TV Ban Looms For E-Cigarette Marketers — FDA Poised to Regulate Billion-Dollar Industry

Sep 4, 2013  •  Post A Comment

By Michael Sebastian
Advertising Age

Big Tobacco has made a historic return to the airwaves and pages of consumer magazines with ads for e-cigarettes, but the days of regulation-free marketing may soon be over — and with them, a potentially lucrative new pipeline of ad dollars to networks and publishers.

The Food and Drug Administration, which is expected to weigh in on e-cigarettes in October, will likely propose a ban on TV advertising for e-cigs, according to a report out Monday from the financial services group CLSA Americas. A ban would curb an emerging source of revenue for TV networks, where spending on e-cigarette commercials climbed 17.9% to 2012 from 2011, according to a Citibank report earlier this year.

The booming e-cigarette market is currently unregulated, allowing Big Tobacco’s historic return to TV after more than 40 years as well as renewed print ad spending for tobacco, which has declined since the Master Settlement Agreement in 1998. The same Citibank report said print ad spending among e-cigarette marketers increased 71.9% to 2012 from 2011.

E-cigarette makers have said they plan to continue marketing their product across a range of media unless and until a ban is introduced. "In lieu of regulations, we will look at all mediums — including TV, print, radio, point of sale and direct mail — to communicate with adult smokers," David Howard, a spokesman for Reynolds American, told Ad Age last week as the company prepared to roll out a TV campaign in Colorado for its new e-cigarette Vuse (below).
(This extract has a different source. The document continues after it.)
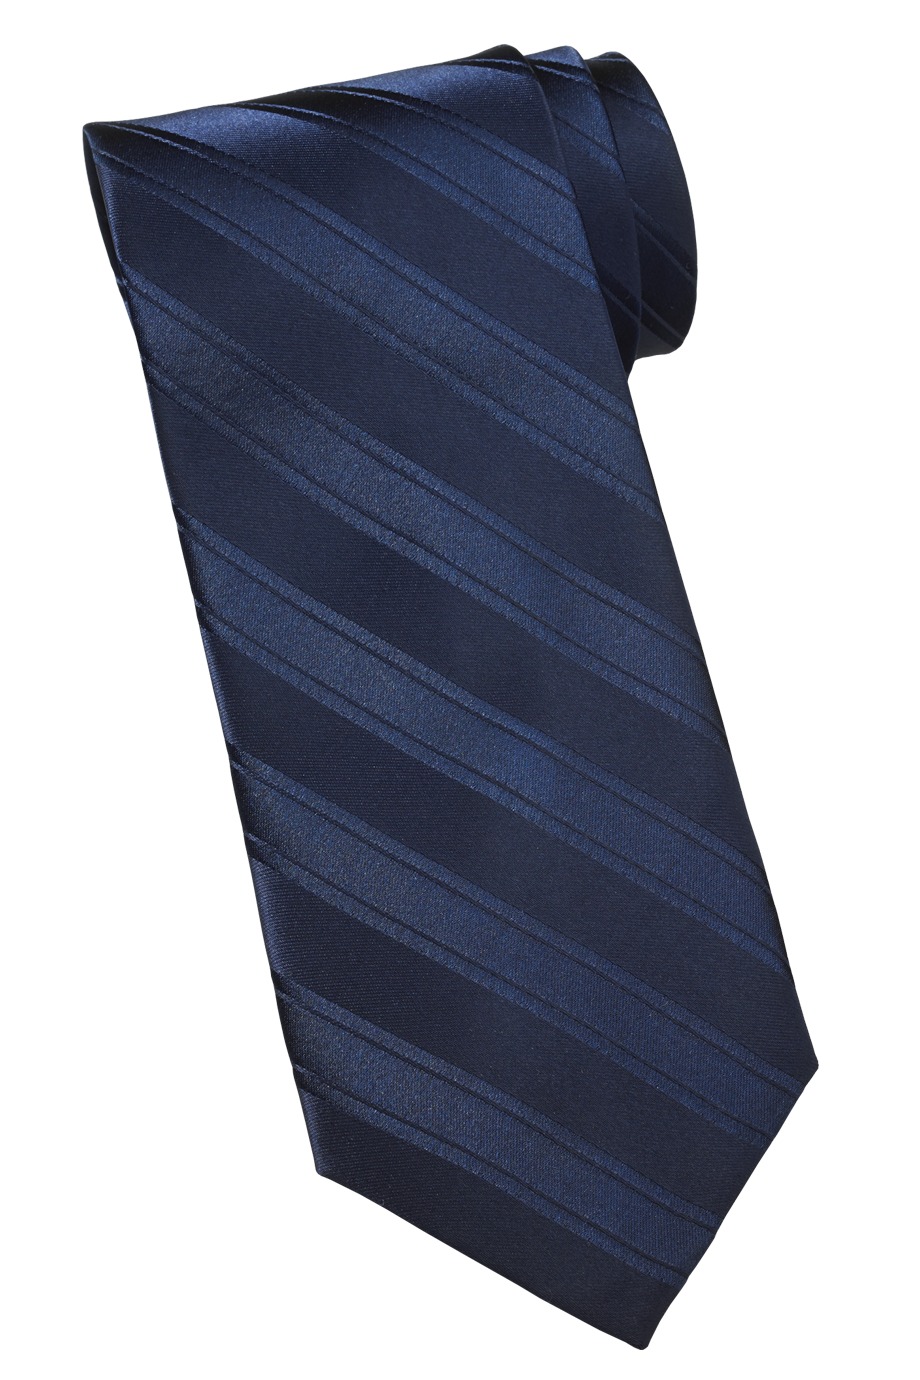 Edwards Garment TS00 - Tonal Stripe Tie

Meanwhile, Lorillard’s Blu e-cigarette, which claims nearly 40% of the market share, introduced a TV and web campaign this summer with Jenny McCarthy. That followed an earlier TV and print campaign featuring actor Stephen Dorff.
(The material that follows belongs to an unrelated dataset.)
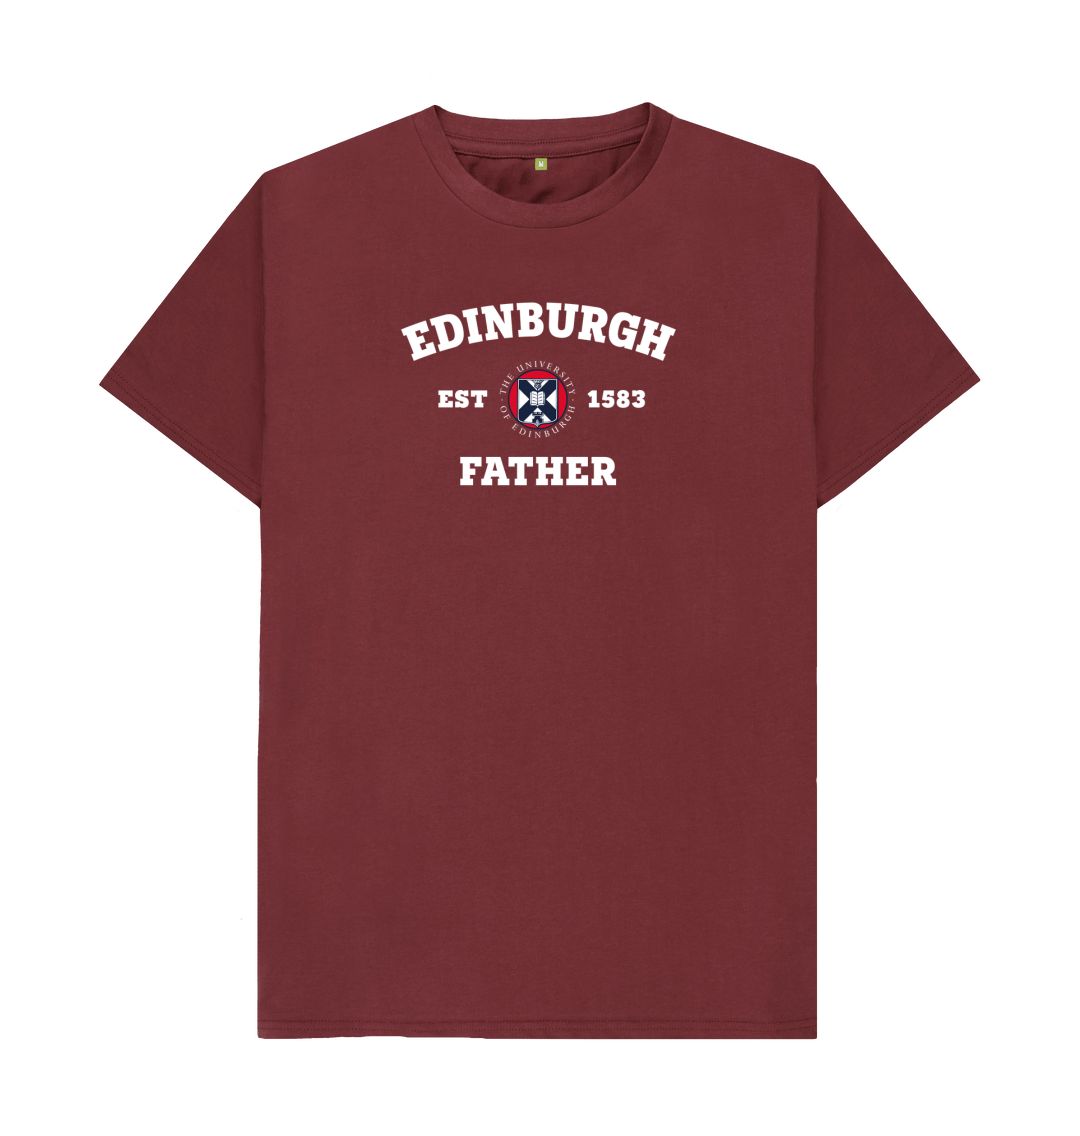 Red Wine Edinburgh Father T-Shirt

Other players in the e-cigarette industry, including NJoy and Fin, have also been running TV commercials. NJoy is second to Blu in the e-cig market, with about one-third of market share.

The FDA is expected to issue a proposed rule in October that will allow it to regulate e-cigarettes. At that time, the proposal will be open for public comments, a process that will likely last for months.

Jenny Haliski, a spokeswoman for the FDA, said the organization cannot comment on the contents of the proposed rule.

"The FDA intends to propose a regulation that would extend the agency’s ‘tobacco product’ authorities — which currently only apply to cigarettes, cigarette tobacco, roll-your-own tobacco, and smokeless tobacco — to other categories of tobacco products that meet the statutory definition of ‘tobacco product,’" Ms. Haliski said in an email. "Further research is needed to assess the potential public health benefits and risks of electronic cigarettes and other novel tobacco products."

The CLSA report, meanwhile, predicted other likely proposals from the FDA on e-cigarettes are a ban on sales to minors and potentially the requirement of a warning label. The FDA may also restrict online sales, the report said. Online sales of e-cigarettes are projected to reach between $500 to $625 million this year, said Bonnie Herzog, managing director and senior beverage and tobacco analyst at Wells Fargo Securities, in a press release issued last week by e-cigarette maker V2.

Restrictions to online sales would likely help the nation’s three biggest tobacco makers — Altria, Reynolds American and Lorillard — because of their large distribution networks, the CLSA report said.

E-cigarette sales are projected to reach $1.7 billion by the end of 2013, Ms. Herzog said.